AK Parti Samsun Milletvekili Ahmet Yeni, CHP'li Özyürek'in ''iktidara
gelmeleri durumunda kamu bankalarını geri alacakları'' yönünde ifadeler
kullandığını belirterek, ''Halkımız, 'Köprüyü sattırmam' diyen zihniyetin hala
yerinde durduğunu görüyor'' dedi.
Milletvekillerinin madde üzerindeki sorularını yanıtlayan Maliye Bakanı
Kemal Unakıtan da özelleştirmenin yapısal bir reform olduğunu, bunu iktidar
olmadan parti programına koyduklarını söyledi.
AK Parti hükümeti olarak özelleştirmeleri gerçekleştireceklerini vurgulayan
Unakıtan, özelleştirmenin yapılmadığı ülkelerde serbest rekabetten
bahsedilemeyeceğini anlattı.

-''FEDAKARCA ÇALIŞIYORLAR''-

Unakıtan, kamu bankalarında arkadaşlarının fedakarca çalıştığını ifade
ederek, şunları kaydetti:
''Her türlü riski üzerlerine alarak çalışıyorlar. Neden? Bir yere kredi
verebilmek için... Kredi vermezseniz kimse bir şey demiyor. Vermezsen 'niye
vermedin' diyen yok, ama verirsen 10 tane müfettiş orada bekliyor. O zaman bu
yöneticiler nasıl iş yapar? İkide bir haklarında soruşturma, mahkeme... Bu
şartlar altında bankaları ileri bir duruma getiriyorlar. Kamu bankalarının karlı
duruma geçmelerinin nedeni şu, bu bankaları siyasilerin emrinden kurtardık.''
Bakan Unakıtan, biraz önce bir milletvekili arkadaşının yanına geldiğini ve
bir bankada bilirkişi olması için davette bulunduklarını söylediğini dile
getirerek, ''Halk Bankasından 11 milyon dolar kredi almış, kredi için Yalınayak
köyünde 100 dönüm arazi, bilmem neresinde 2 daire... Topla topla 200 bin dolar
etmez. Köyü satsan o kadar etmez.

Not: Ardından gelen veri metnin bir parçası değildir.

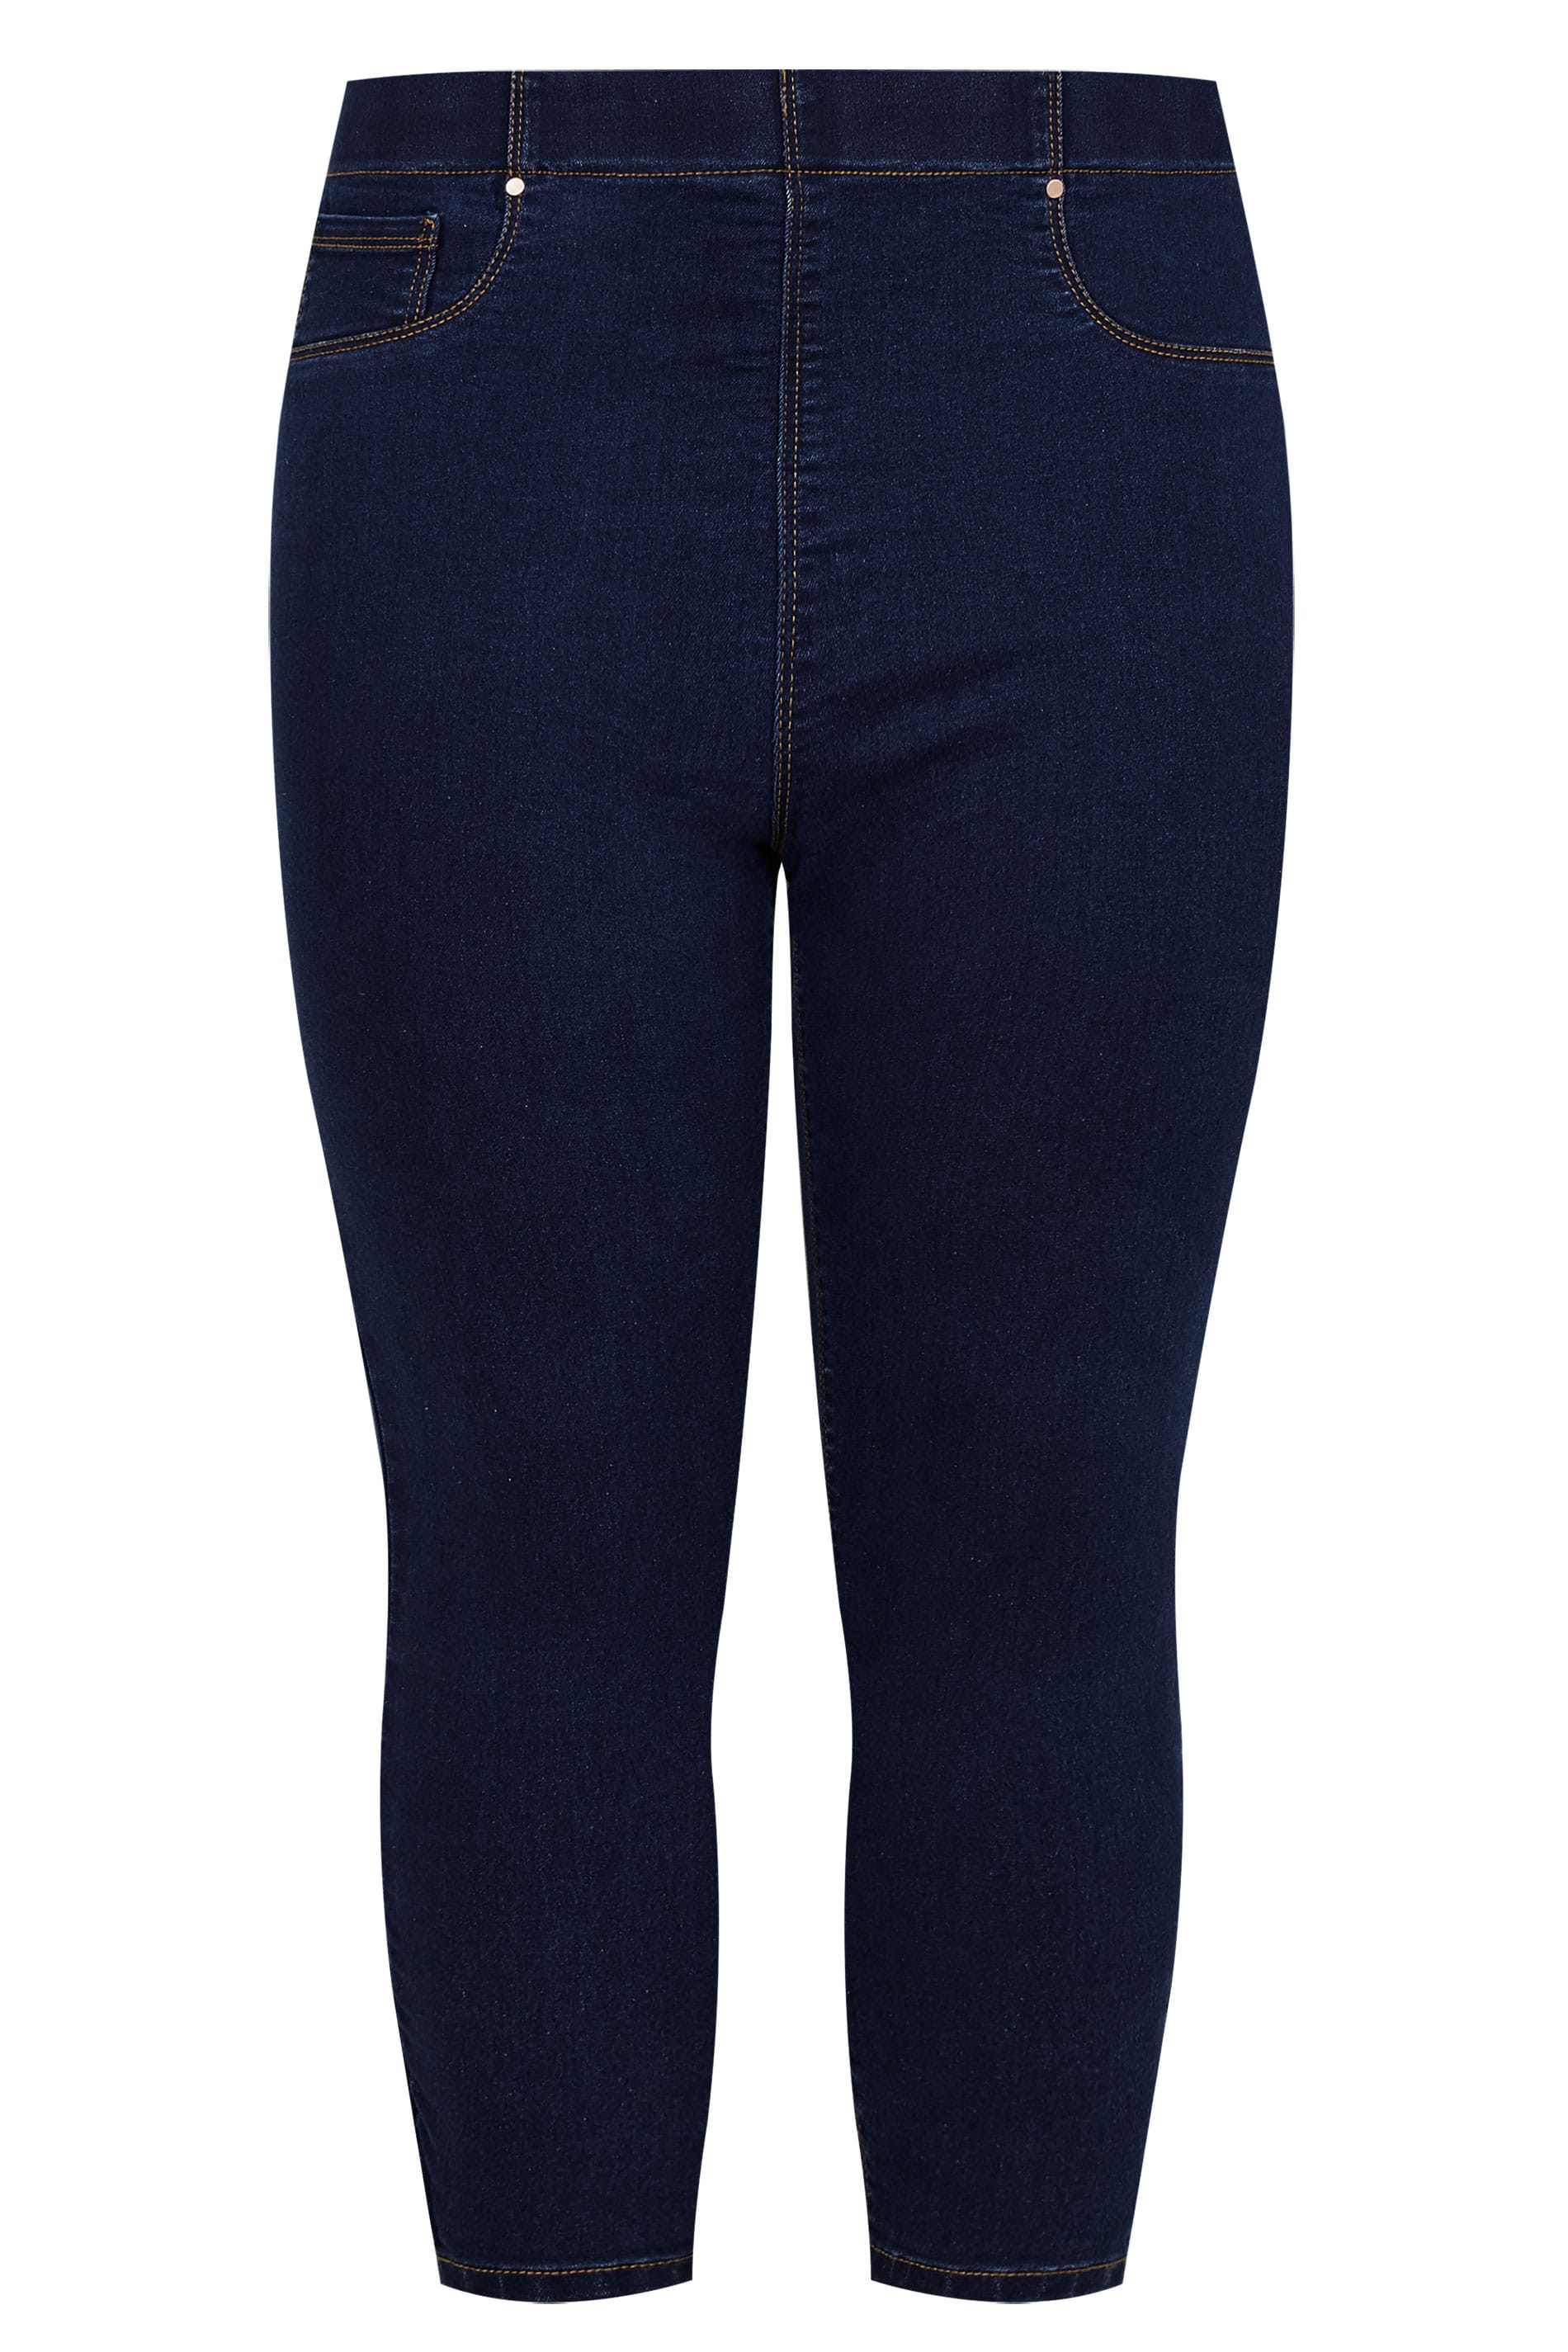 Plus Size Indigo Blue Cropped JENNY Jeggings | Sizes 16 to 36 | Yours Clothing 3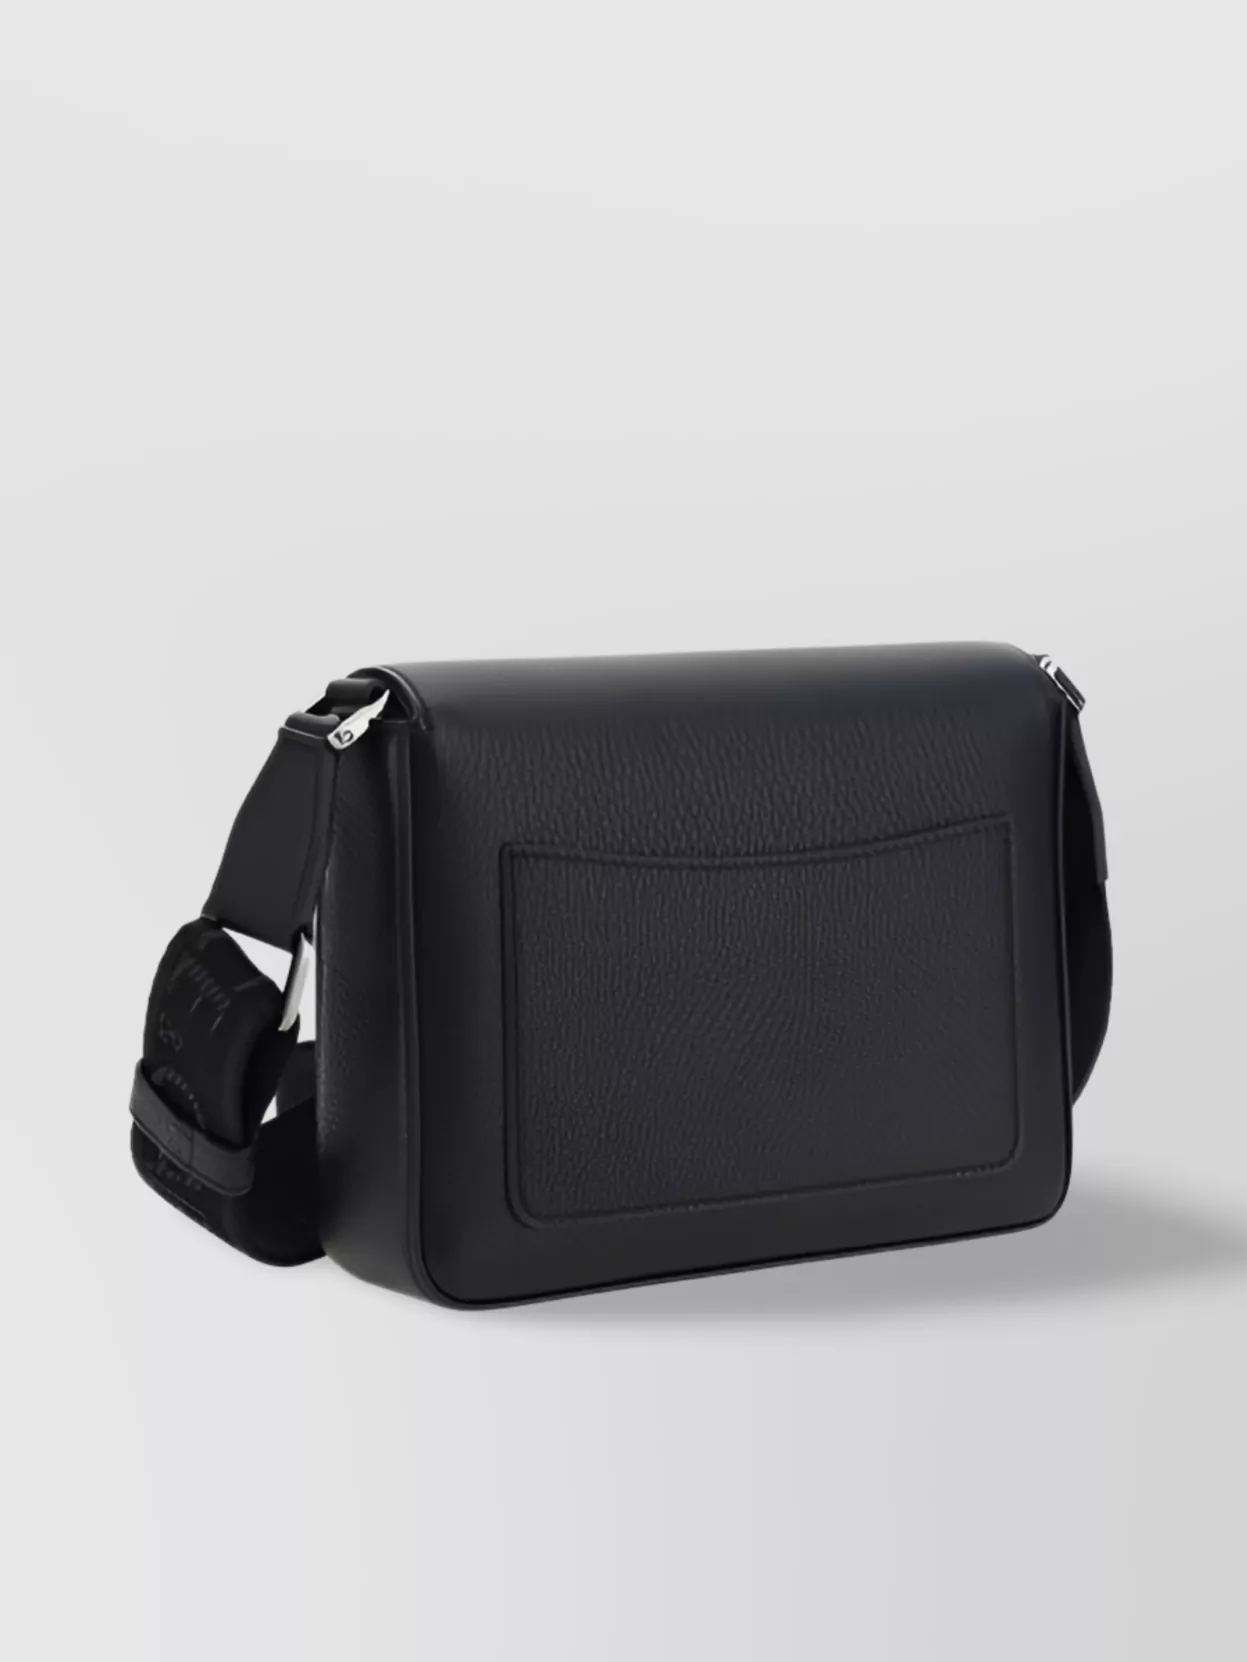 Dolce & Gabbana Calfskin Rectangular Shoulder Bag With External Pocket In Black

O tarihte kimse siyasi iktidar, emir vermiş,
kredi verilmiş. Biz onları kaldırdık, ondan dolayı bu bankalar kar ediyor'' diye
konuştu.

-''HÜKÜMETE BAKIN, HÜKÜMETE''-

CHP Antalya Milletvekili Feridun Baloğlu'nun ''Yimpaş'' ile ilgili laf
atması üzerine Unakıtan, bunun, konularıyla ilgisinin bulunmadığını söyledi.
KOBİ'lere verilen kredilere de değinen Unakıtan, sözlerini şöyle tamamladı:
''KOBİ'ler bugün ucuz kredi alıyorsa, bunu sağlayan Halk Bankası değil,
Hükümettir. Aradaki faiz farkını biz Hükümet olarak ödüyoruz. Bu farkı hangi
bankaya verseniz, seve seve kredi verir. Halk Bankası KOBİ'lere kredi vermeye
devam edecek. Burada 'Benim çiftçim, köylüm' diye konuşuluyor. O çiftçinin,
köylünün nasıl kredi aldığına bakan yok. Çiftçi bugün ucuz kredi alıyorsa, bu
hükümet tarafından veriliyor. Hükümetin yaptığını bankalarla karıştırmayınız.
Bankam bitti bu iş gitti... Bu Hükümet giderse bu iş biter. Hükümete bakın
hükümete...''
Genel Kurulda daha sonra kamu bankalarının yeniden yapılandırılması ile
hisse satış işlemleri için tanınan ve 2005'te sona eren 5 yıllık sürenin 10 yıla
çıkarılmasını öngören yasa teklifi kabul edilerek yasalaştı.